[j-nsp] MX punting packets to RE - why?

Tue Feb 2 19:18:42 EST 2016

Hello,

> > If I am understanding what you guys are saying correctly, this would cause everything to get punted to the CPU until a new hardware shortcut is created, and in the meantime - since our entire channel lineup is in there - this would hammer the DoS protection mechanism?
>
> Yes, if ingress interface does not match, they will be punted.

Okay, thanks

> > Can the rate at which the joins are sent out be slowed? I can live with a bit of a delay on the channels coming back to life, but not with the entire slot getting blackholed...
>
> What do you mean 'entire slot being blackholed', do you mean losing unrelated control-plane stuff, like BGP/ARP etc?

Yes, on the entire MPC I will see unrelated control plane protocols bounce, eg. spanning-tree. If I recall correctly some protocols are handled by the TRIO chips, right? I don't see any of my BFD-managed ISIS adjacencies drop.

> If yes, just limit the mcast resolve to something reasonable 100pps should be plenty, provided we're not competing with  actual attack traffic.
>
> I would start with ddos-protection fixes and see if it behaves better with more restricted punting.

I assume you're referring to "set forwarding-options multicast resolve-rate", right?

> Further research might involve figuring out if both MX boxes have multicast state with source towards the local EX port, and clients subscribed. So that no convergence is needed.

Interesting concept! Doesn't bother me at all, we like the idea of having our multicast available everywhere anyway.

> It wasn't obvious to me what kind of negative impact you observe when the EX-EX link goes down. How are you now stopping loop in the EX network? You have direct physical link between them, then you have l2circuit as well? But it looks like you're not carrying BPDU over the l2circuit? So if you rely on STP, I'm not entirely sure how the L2 redundancy works, which port is normally being blocked? The actual physical link between switches or the link via l2circuit, since my first guess would be that there would be L2 loop in the topology and nothing to stop it, so I'm not sure I understand why it works at all.

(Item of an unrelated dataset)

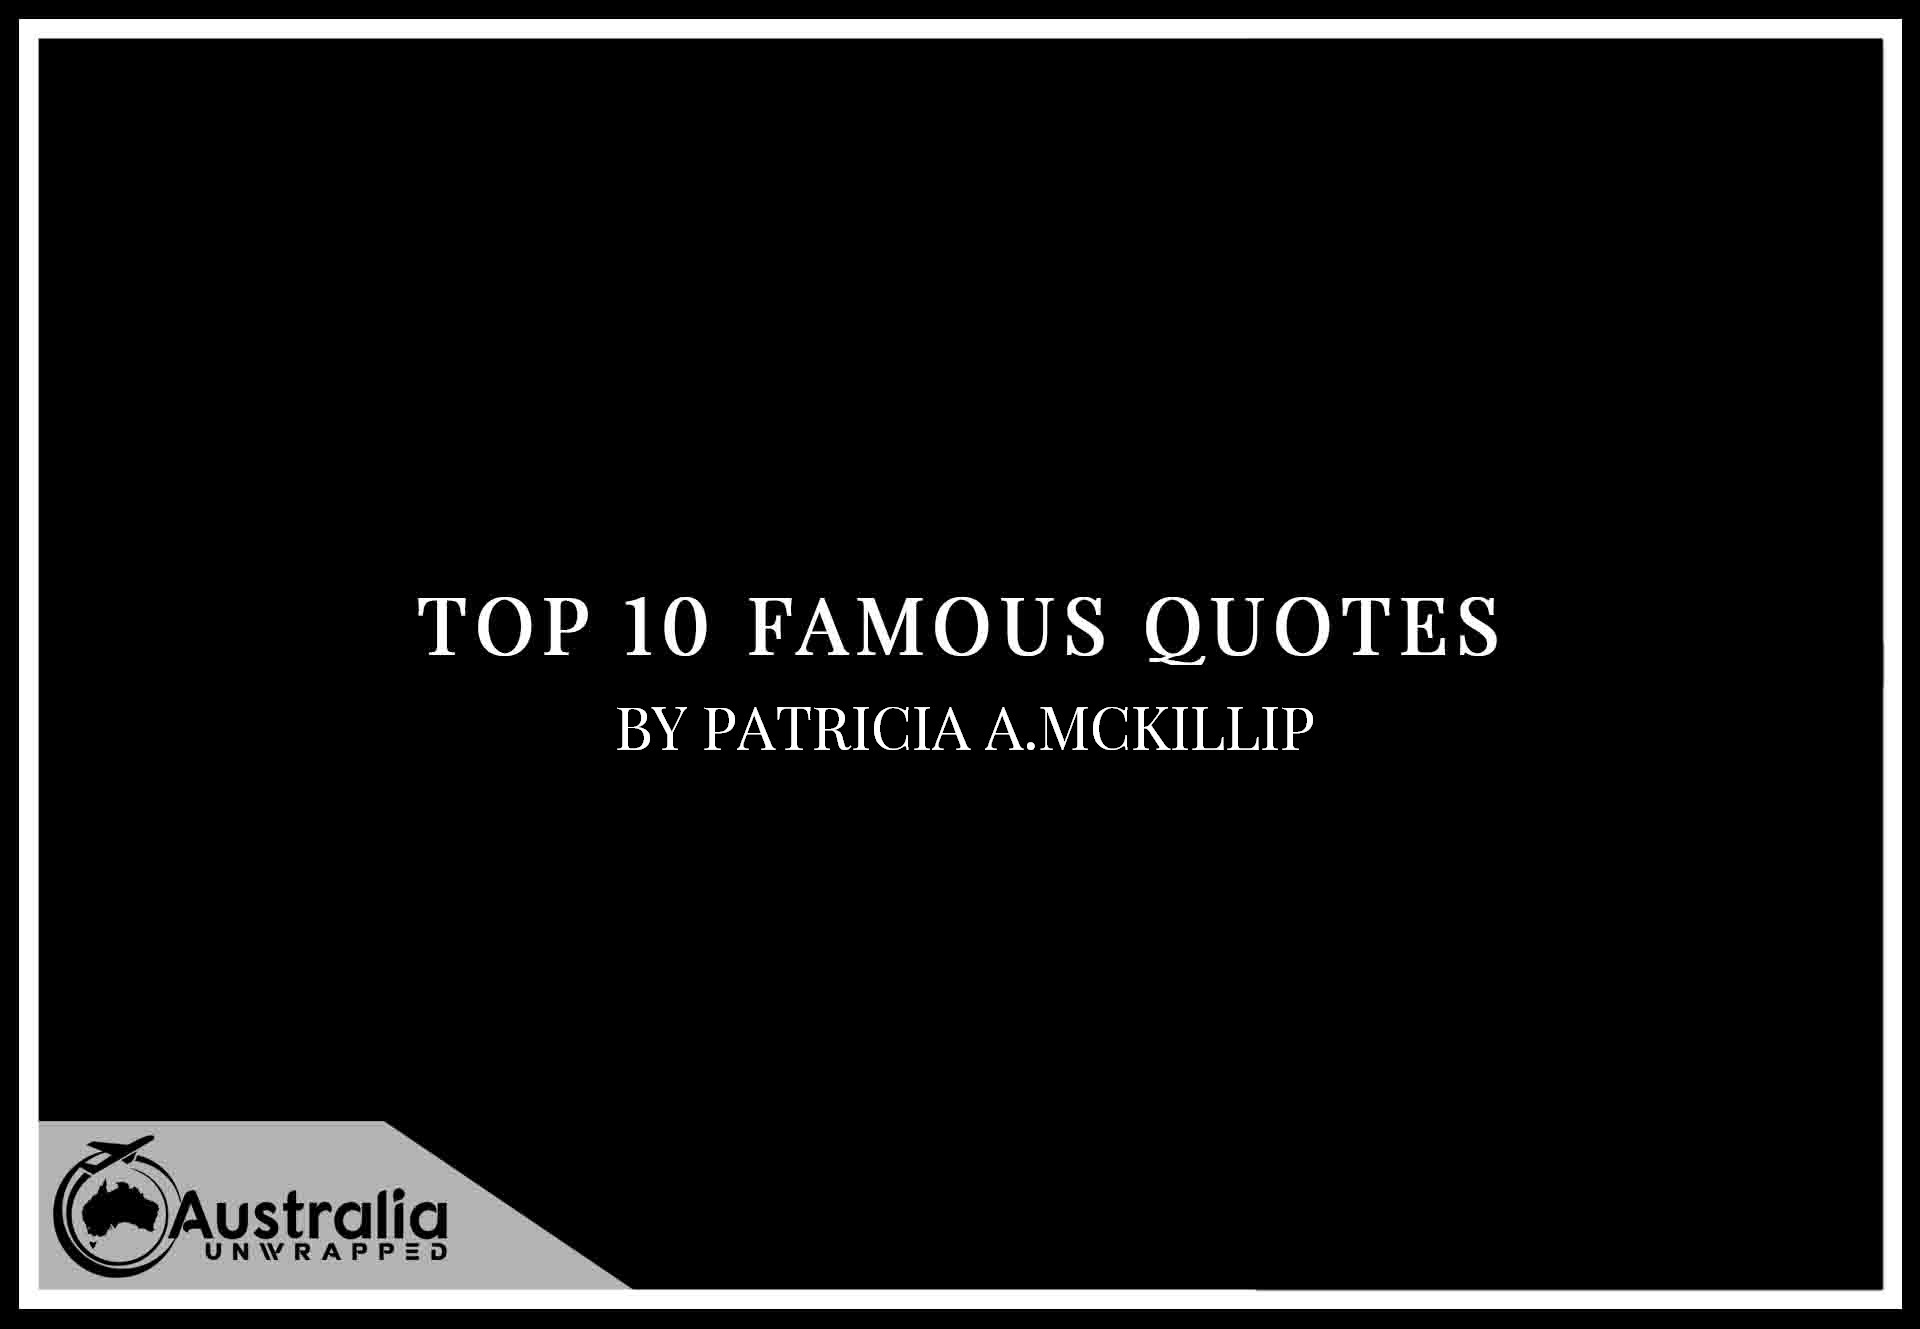 Top 10 Famous Quotes by Author Patricia A. McKillip

I'm in the habit of running VSTP for everything (the Cisco half of my brain keeps trying to type rapid-pvst+) that isn't a two-port affair. BPDUs are definitely making it through, everything checks out. The paths over the l2circuits are normally blocked via increased interface cost.

One of the VLANs carried as an l2circuit by the MXes between the EXes is actually not spanning-tree controlled, but a "backup" PIM interface. Essentially a clone of the EX-EX direct link, but with higher metric. Unlike the other VLANs this one always has the PIM and BGP adjacency sending traffic over it. The ddos-protection resolve-mcast4 action trips when multicast is slammed over that or one of the VSTP-managed VLANs transitions to a forwarding state.

I can do up a diagram if that would help. I'm really not sure how I'd explain this to JTAC and wanted to get some real-world experience from guys who are working with this stuff.

Thanks for all your help!

Ross